Mainly, instead of presenting the network with 28 x 28 images and a label in \(\{0,1, \ldots, 9\}\), I presented the network with 56 x 28 images created from pairs of 28 x 28 images by stacking them on top of each other. Each of these 56 x 28 images I categorized into

  • discordant: the two stacked images were of different digits, and
  • concordant: the two stacked images were of the same digits.

Discordant images received a label 0, and concordant ones received a label 1.

The MNIST dataset comes pre-split into test and training sets, of sizes 60,000 and 10,000, respectively. I created my own test and learning sets based on these by randomly sampling pairs of from these such that

  • my learning and test sets only contained images from their respective original counterparts,
  • each set was roughly the same size of their original counterpart
  • each set contained about 50% concordant images

I further divided my learning set into two parts

  • training, and
  • holdout (approximately 5000 images)

Now, to address my question regarding discerning unseen objects, I made sure that the training set contained only images of digits \(< 7\), so that in testing, I would be testing on pairs where one or more digits were from unseen digits.

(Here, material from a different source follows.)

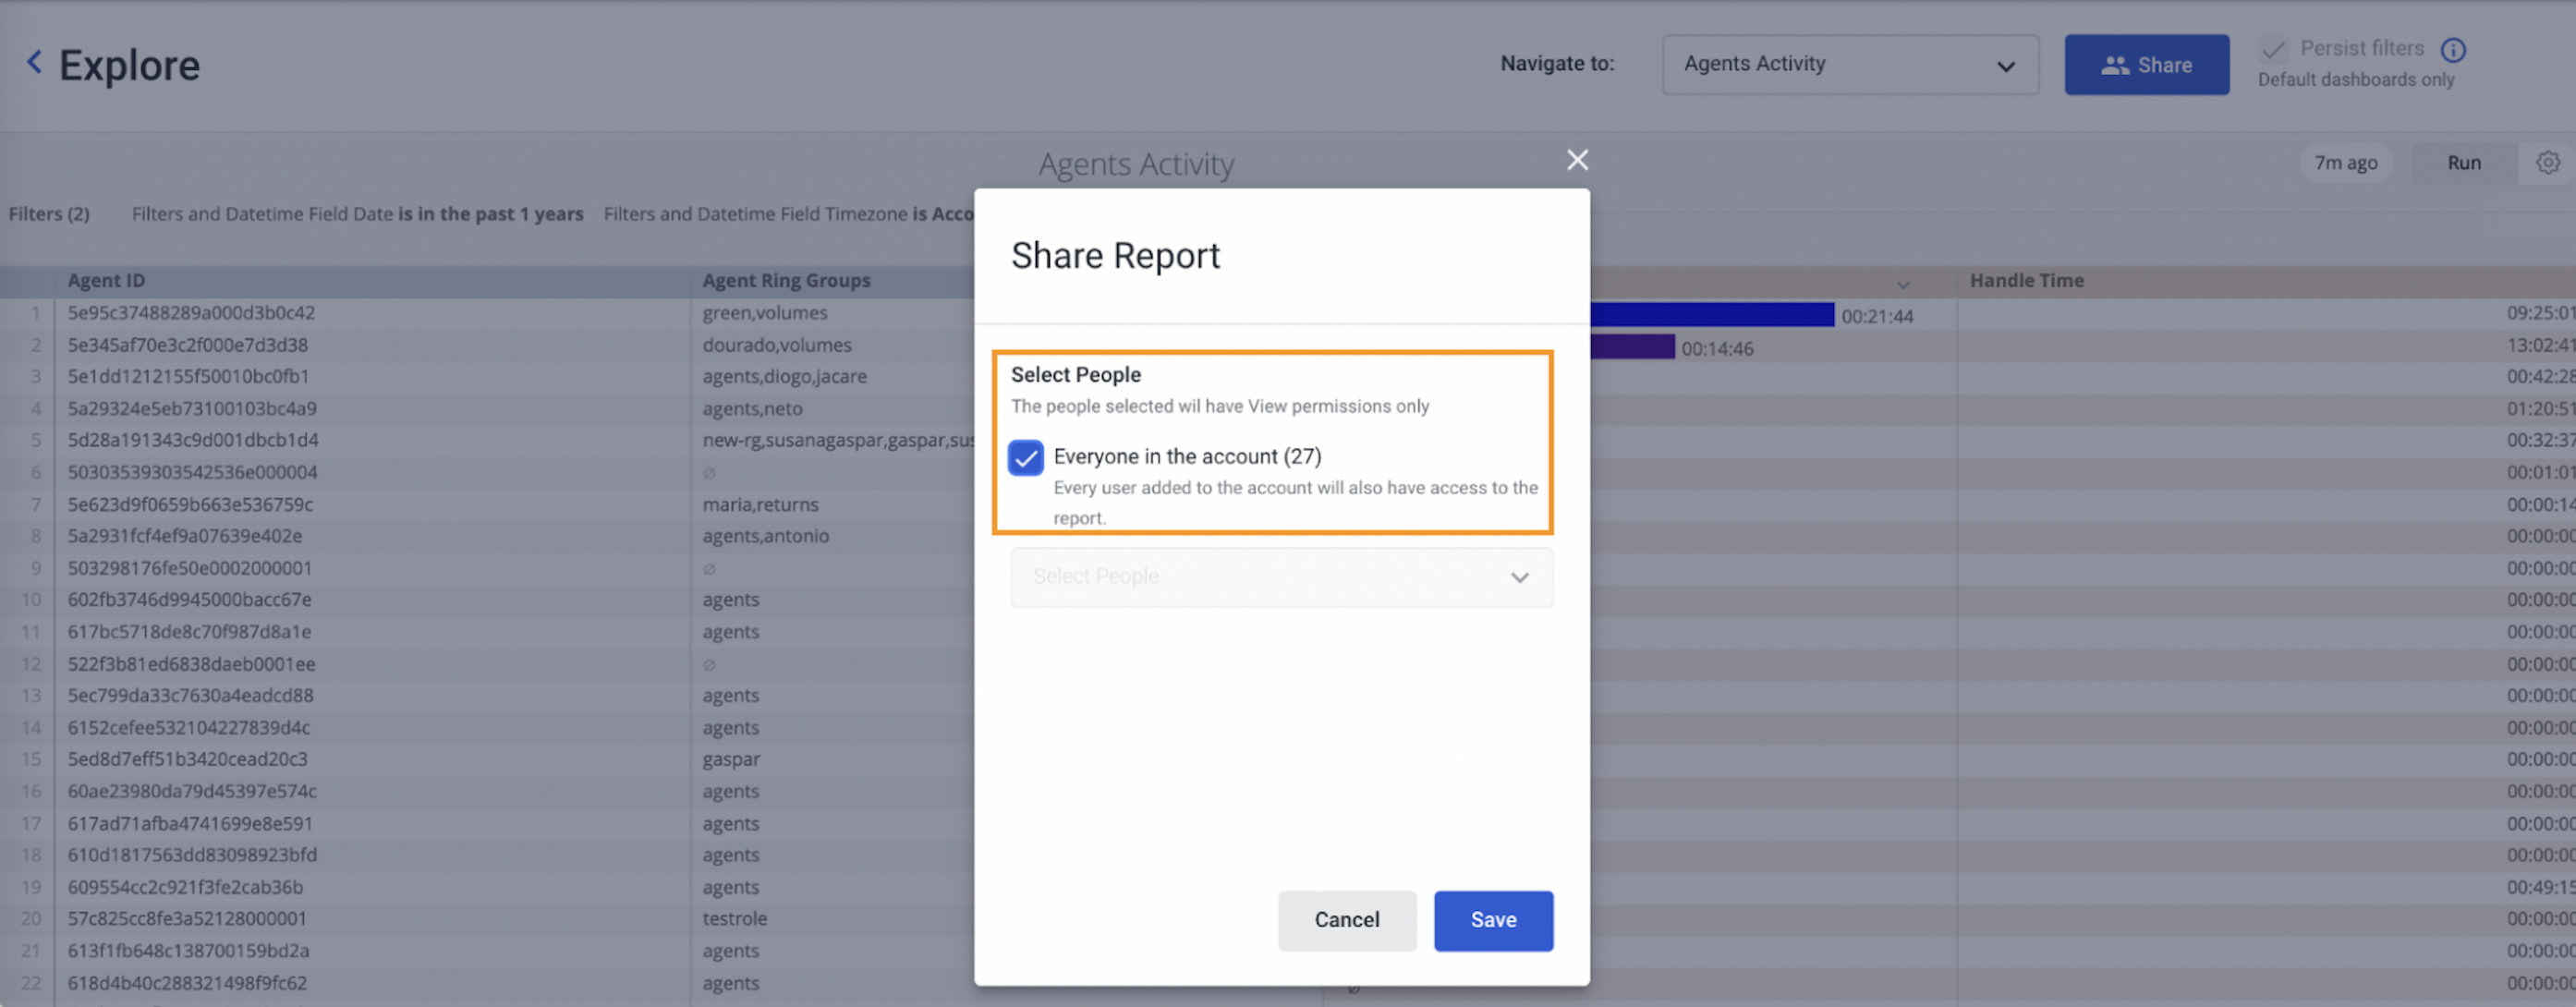 explore_share_custom_reports_11.png
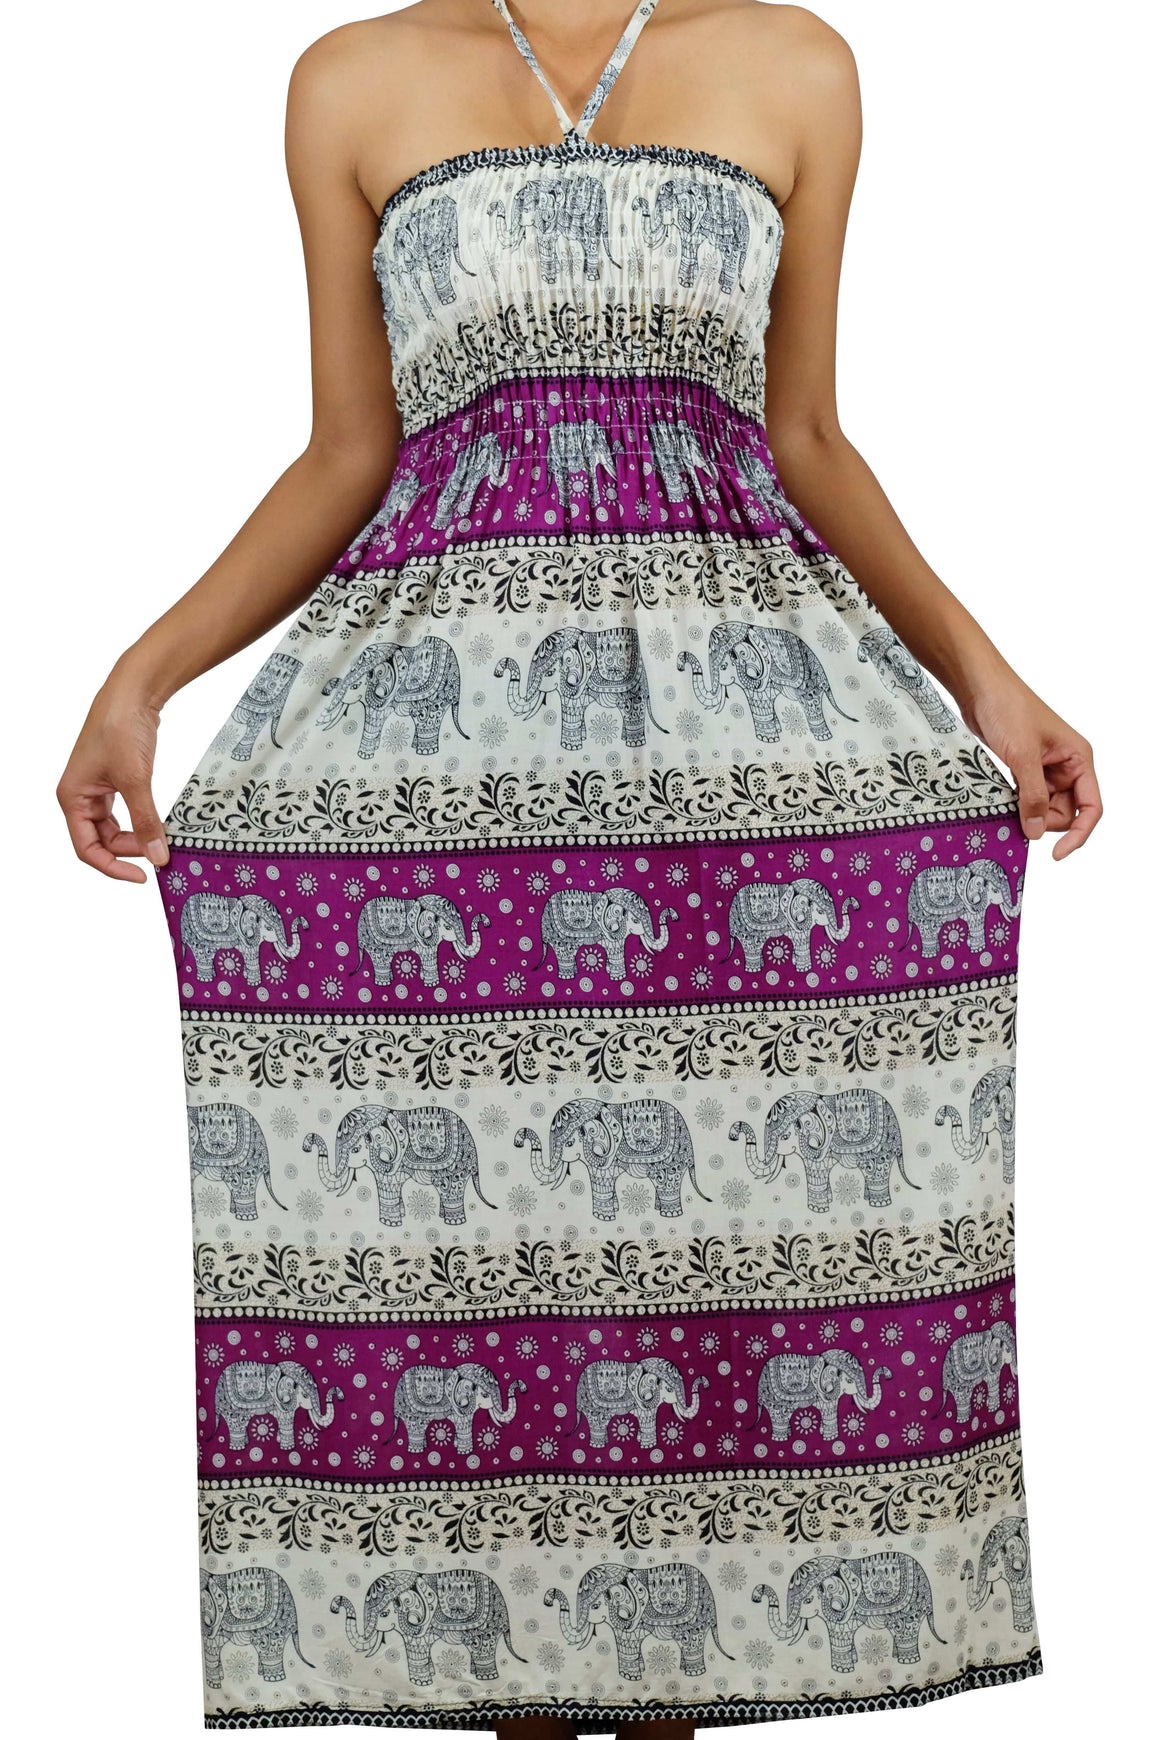 Elephant Shirt Store Dress Chang Phun Halter Elephant Dress White and Purple

I now trained the network on the training set, presenting it with a minibatch of size 50 each round. I also computed the accuracy on the holdout set each 100 rounds, and stopped the training process once the holdout accuracy had not improved in 10 evaluations. This happened after 8500 rounds.

Here are the results on the test set in accuracy numbers:

both > 6   : 0.61659437418
one is > 6 : 0.837075948715
both < 7   : 0.980786502361
overall    : 0.878497779369

In order to create some visualizations I used t-Distributed Stochastic Neighbor Embedding to cluster the output of the “Dense_5” layer for 2500 randomly chosen test set images in the figure above into two dimensions. I annotated the “center” point of each cluster with ‘x:y,’ where x and y are the original image labels. A plot can be seen here:

Figure: Test pair clusters

Next I randomly chose 9 images from the test set, and systematically occluded 8 x 8 pixel patches and recorded the influence this had on the predicted probability of the correct class (0 or 1). I did this in the hope that this would let me identify portions of the image that were significant for the classification. The results are plotted as heatmaps next to the image here:

Figure: Occlusion test on 9 images

Looking at the results and plots we note the following:

  1. classification accuracy is ok when both stacked images are < 7, and seemingly not all that convincing otherwise. However, it is hard to tell from this one experiment.
  2. even ‘7:7,’ ‘8:8,’ and ‘9:9’ are recognizable as clusters, even though the network was oblivious to these digits.

An unsupervised challenge is trying to recognize the writers of the MNIST digits. Assuming that the writers, i.e., the people who actually wrote the digits subsequently photographed, contributed more than one image, can we figure out if two images were written by the same writer? This challenge I will leave for another time…